Ashtanga teaches us patience, a friend said. I thought about this, before teaching patience, I decided, ashtanga teaches us that impatience is present.

Arms and Legs

I don't have to work my arms quite so hard if I use my legs. 

                                                                     (on lowering to chatarunga)


Guided primary yesterday and grateful to be counted through finishing. Somehow finishing has grown into something that can be hurried, as if it doesn't count - finishing gets squeezed, because its slow, because I don't have time, because I'm already there - aren't I? Any time I don't have time should turn on a lightbulb - or rather turn it off - that's where the pileup happens. Listen then, to another count.  

Sometimes I think we forget that healing is a process. We know that, of course, but we forget. There aren't too many models of process to watch - we get impatient, don't notice the markers, grow detached, look for something new. Yoga, and I'm particular to Ashtanga, is a model for process. I mean, we're not going to be able to learn how to do something by not doing it. We can think about, chart it out, envision it, eventually, if we are lucky, we must apply our bodies - limbs and legs and hands and knees - all tangled up, crooked, tender, searching bodies with hearts inside them. 

I've been choosing primary series over second. Second feels far away, all the way through yoga chikitsa.  And it's hard, hard-er, it's where I fail. Today I realized that all the places that ache (hips, thoracic) get touched during second - I must have already known this, providing yet another reason to resist. But then I had to acknowledge that the aching is made worse by not doing, that intermediate touch  brings more relaxation than it does more pain. This is a profound testimony to the system of ashtanga yoga -a system that leads us through the body - what's required of the practitioner is courage and faith.  There is always ample opportunity for not doing -- fear of failure - but not so much the failure to jump into bakasana - but the failure of divination, or at least the fear of not being able to do what you've been called on to do.  

On wednesday I stepped on my mat and with the words vande gurninam I began to cry. Why crying? Why raining? The answer seemed to be that I was grateful for my practice: the confusion of daily living, the repeating desires, the pain in my back, with all of that I also had this - a place to be - and I've cultivated this place, built it over the last four years, the door swings open at a touch and welcomes me, does not threaten, is not discouraged, does not leave, is always waiting, doesn't grow tired or disappointed -- I have this place, in me.

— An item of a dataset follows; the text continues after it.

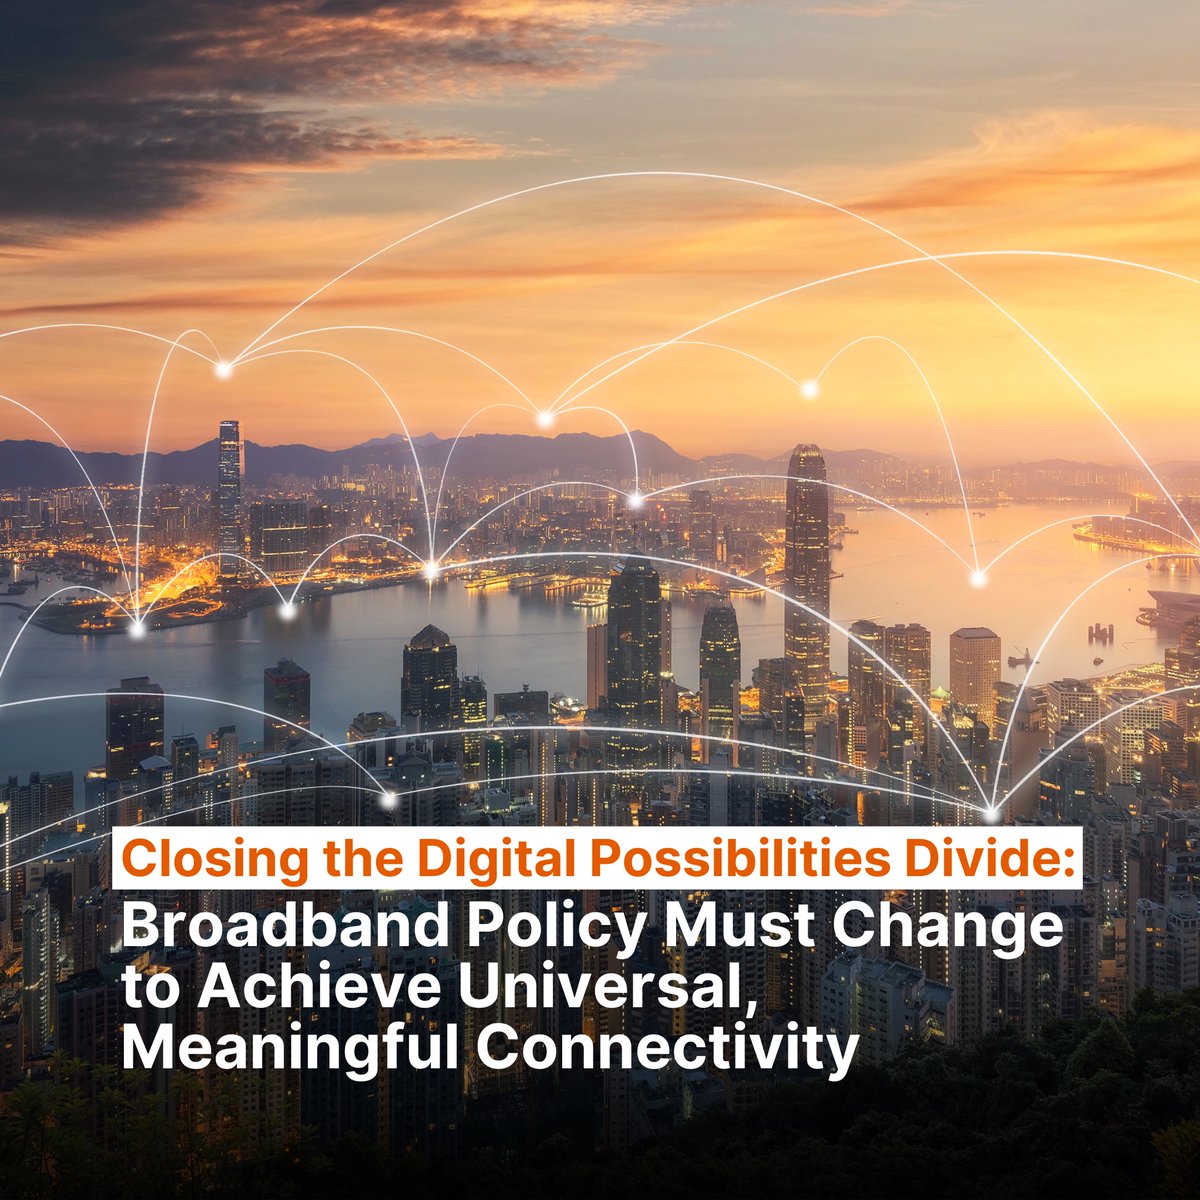 Infrastructure remains an issue in several parts of the world. However, broadband policies must consider the other barriers to universal, meaningful connectivity beyond just infrastructure. Here’s how. gdip.ngo/3V65KuL

Here's the practice, the temple. 

One of the interesting, often overlooked, pieces of travel is the returning home. There is in this a brief window where it's just possible to see where things are stuck, bent, not working, disconnected. What did I miss? What didn't I miss? Safety is built into routine - the recognizable, the familiar, the predictable. This is not argument against the ashtanga system - there is an enormous lot to be learned through commitment, hard-work, and repetition - and I still believe the mysore room is the most sophisticated teaching environment. But it's good to go swim in the ocean, to come home and notice how my right leg drifts to compensate for a left elbow that wants always to swing wide - to go through is almost too painful. To notice that you are a creature separate from me - even when, especially when, your sadness floods my house and I stand there worrying, watching the water rise. How to keep the heart open and keep house? You come in, I go out - wandering the countryside, looking for clues. 

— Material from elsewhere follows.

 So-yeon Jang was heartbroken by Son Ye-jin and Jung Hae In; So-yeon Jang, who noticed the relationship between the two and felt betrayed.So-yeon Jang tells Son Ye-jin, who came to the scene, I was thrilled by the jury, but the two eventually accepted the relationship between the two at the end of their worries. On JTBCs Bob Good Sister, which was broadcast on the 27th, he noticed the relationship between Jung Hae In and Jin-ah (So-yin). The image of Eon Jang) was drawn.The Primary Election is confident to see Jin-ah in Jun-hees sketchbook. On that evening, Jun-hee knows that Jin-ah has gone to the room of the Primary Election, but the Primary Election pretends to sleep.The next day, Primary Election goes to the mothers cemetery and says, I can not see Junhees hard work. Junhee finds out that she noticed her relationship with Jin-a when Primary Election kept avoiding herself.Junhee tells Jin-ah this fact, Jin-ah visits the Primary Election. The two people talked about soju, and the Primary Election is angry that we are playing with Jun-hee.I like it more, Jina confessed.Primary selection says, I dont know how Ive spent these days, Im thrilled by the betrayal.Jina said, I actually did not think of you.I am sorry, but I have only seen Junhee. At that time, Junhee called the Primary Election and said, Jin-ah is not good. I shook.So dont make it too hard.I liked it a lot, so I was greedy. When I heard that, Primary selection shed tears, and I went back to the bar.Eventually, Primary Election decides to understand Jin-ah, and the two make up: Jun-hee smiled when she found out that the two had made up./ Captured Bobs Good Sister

"Is it boring?", she asked

"Only when I stop paying attention."

Do you know there's ketchup on the window sill? No, but if you hum a few bars.  This, and other tunes of presence. 


Home practice:

I bound on my own for the first time today in pasasana, propped up on an old copy of the new our bodies ourselves. I think that's funny. 

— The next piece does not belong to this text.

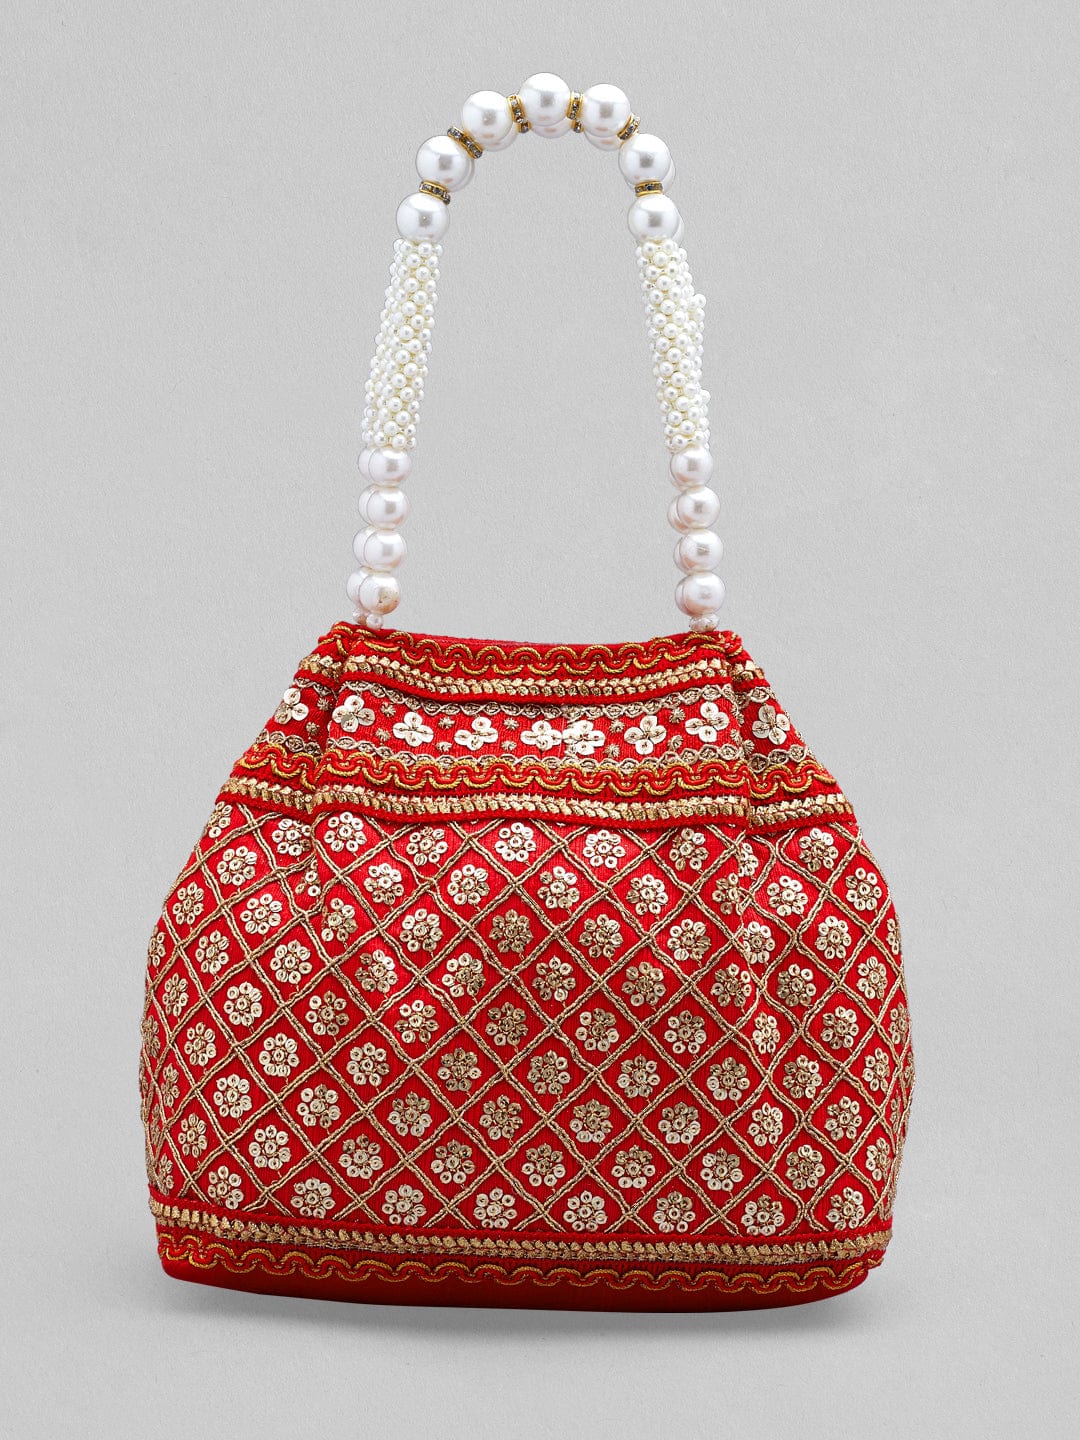 Rubans Red Coloured Potli Handbag With Golden Embroidery And Pearls Handbag &amp; Wallet Accessories

Sometimes it seems like there is a goal in the asana practice - flop my arms over in prasarita c, or scoop back from bhujapidasana - and this goal is connected to feelings of accomplishment,  and just on the other side of that: a well deserved rest. This morning I was thinking that if the goal is really to rest, why not rest? What is the rest that is earned? Finally a delicious letting go, laying down in in the grass! As long as there is something in the mind that says I have to do this before I can rest then I will have to do that. Unless, I choose not to do that and then I will have to accept the result. Say: if I want honey for my tea, I'm going to have to get some honey. Without honey, the flavor will pale. 

However, it was Sunday. So I unfolded from janu sirsana, bowed, and lay down to do a few restoratives. 



How do we see something we have never seen before? Or rather, how do we perceive it? By what name? Through what associated shape? With what filter?

The asana practice, via the body, demands strength and even more than strength: humility - we are presented with an opportunity to “see” something we’ve never seen before and to cultivate the capacity for this kind of seeing.  


Sometimes it happens that we are afraid to make a mistake -- and become irritated when the tools that have been helpful to us are, for some reason, not available- embarrassed we decide to muddle through, awkward and slightly ashamed at our now visible foibles; a weakness that we thought we’d tamed or put to sleep a long time ago. But then, it happens that both the act and the result are improved! It is better than it was before. And the next day I find myself trying to repeat my mistake, my happy accident, with equal intensity. Really, the warming spot was the awkward vulnerability, the blush of shame and not the accomplishment. It is with fervor that I seek ease.